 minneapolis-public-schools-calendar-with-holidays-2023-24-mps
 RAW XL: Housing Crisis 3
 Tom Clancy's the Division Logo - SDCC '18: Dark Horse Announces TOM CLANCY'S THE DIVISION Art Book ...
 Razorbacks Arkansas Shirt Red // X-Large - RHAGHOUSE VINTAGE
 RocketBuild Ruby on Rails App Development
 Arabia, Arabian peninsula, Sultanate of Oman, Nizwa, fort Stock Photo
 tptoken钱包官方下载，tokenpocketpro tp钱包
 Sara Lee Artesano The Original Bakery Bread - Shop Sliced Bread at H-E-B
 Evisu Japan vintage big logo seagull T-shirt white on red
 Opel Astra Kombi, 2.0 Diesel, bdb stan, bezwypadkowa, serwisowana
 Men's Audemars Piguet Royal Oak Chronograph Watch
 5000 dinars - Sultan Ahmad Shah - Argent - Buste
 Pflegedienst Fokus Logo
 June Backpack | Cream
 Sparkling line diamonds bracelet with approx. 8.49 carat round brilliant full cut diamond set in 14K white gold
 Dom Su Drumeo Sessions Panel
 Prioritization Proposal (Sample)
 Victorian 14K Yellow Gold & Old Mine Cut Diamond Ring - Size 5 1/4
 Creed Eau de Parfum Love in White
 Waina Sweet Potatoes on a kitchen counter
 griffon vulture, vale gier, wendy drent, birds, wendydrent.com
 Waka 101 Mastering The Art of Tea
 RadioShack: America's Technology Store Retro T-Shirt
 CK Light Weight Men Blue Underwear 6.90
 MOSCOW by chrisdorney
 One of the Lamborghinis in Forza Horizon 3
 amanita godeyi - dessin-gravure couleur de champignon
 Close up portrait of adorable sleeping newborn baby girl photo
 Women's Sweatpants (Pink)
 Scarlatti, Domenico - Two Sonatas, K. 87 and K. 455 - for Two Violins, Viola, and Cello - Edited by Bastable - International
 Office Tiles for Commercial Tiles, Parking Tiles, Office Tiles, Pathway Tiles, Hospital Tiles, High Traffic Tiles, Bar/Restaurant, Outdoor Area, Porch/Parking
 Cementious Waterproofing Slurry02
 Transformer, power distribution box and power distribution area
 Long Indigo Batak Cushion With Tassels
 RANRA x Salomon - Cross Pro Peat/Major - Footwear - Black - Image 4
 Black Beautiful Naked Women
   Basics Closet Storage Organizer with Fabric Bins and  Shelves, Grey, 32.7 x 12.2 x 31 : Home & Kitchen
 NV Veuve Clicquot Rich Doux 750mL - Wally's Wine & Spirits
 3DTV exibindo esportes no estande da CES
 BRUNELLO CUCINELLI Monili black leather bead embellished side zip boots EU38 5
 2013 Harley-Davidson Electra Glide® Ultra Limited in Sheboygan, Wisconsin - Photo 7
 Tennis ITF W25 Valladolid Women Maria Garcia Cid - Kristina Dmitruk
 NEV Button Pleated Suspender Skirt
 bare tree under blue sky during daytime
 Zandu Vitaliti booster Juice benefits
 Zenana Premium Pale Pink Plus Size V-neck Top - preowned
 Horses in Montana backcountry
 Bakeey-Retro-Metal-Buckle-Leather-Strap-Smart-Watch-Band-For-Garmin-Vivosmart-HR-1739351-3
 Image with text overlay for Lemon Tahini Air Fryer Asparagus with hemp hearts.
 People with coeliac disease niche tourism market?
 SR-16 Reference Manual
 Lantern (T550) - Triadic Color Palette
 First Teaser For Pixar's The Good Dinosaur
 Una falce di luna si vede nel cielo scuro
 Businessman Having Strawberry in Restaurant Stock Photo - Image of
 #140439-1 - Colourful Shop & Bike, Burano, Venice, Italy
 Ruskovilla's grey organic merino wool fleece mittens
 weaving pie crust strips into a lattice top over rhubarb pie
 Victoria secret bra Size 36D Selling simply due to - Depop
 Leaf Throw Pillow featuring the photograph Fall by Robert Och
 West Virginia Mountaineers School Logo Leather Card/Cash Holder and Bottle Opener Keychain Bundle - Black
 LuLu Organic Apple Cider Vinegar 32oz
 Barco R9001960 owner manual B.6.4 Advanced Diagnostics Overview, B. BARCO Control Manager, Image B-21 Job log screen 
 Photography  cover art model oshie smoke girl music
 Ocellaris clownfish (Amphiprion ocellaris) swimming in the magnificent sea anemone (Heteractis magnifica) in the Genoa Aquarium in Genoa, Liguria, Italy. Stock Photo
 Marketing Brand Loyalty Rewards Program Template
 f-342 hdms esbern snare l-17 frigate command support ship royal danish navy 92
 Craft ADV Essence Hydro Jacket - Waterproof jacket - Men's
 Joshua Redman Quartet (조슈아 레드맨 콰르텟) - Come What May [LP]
####
Using the data above, repeat exactly the lines that begin at the line with "Scarlatti, Domenico - Two" and end at the line with "Black Beautiful Naked Women", both ends included.

 Scarlatti, Domenico - Two Sonatas, K. 87 and K. 455 - for Two Violins, Viola, and Cello - Edited by Bastable - International
 Office Tiles for Commercial Tiles, Parking Tiles, Office Tiles, Pathway Tiles, Hospital Tiles, High Traffic Tiles, Bar/Restaurant, Outdoor Area, Porch/Parking
 Cementious Waterproofing Slurry02
 Transformer, power distribution box and power distribution area
 Long Indigo Batak Cushion With Tassels
 RANRA x Salomon - Cross Pro Peat/Major - Footwear - Black - Image 4
 Black Beautiful Naked Women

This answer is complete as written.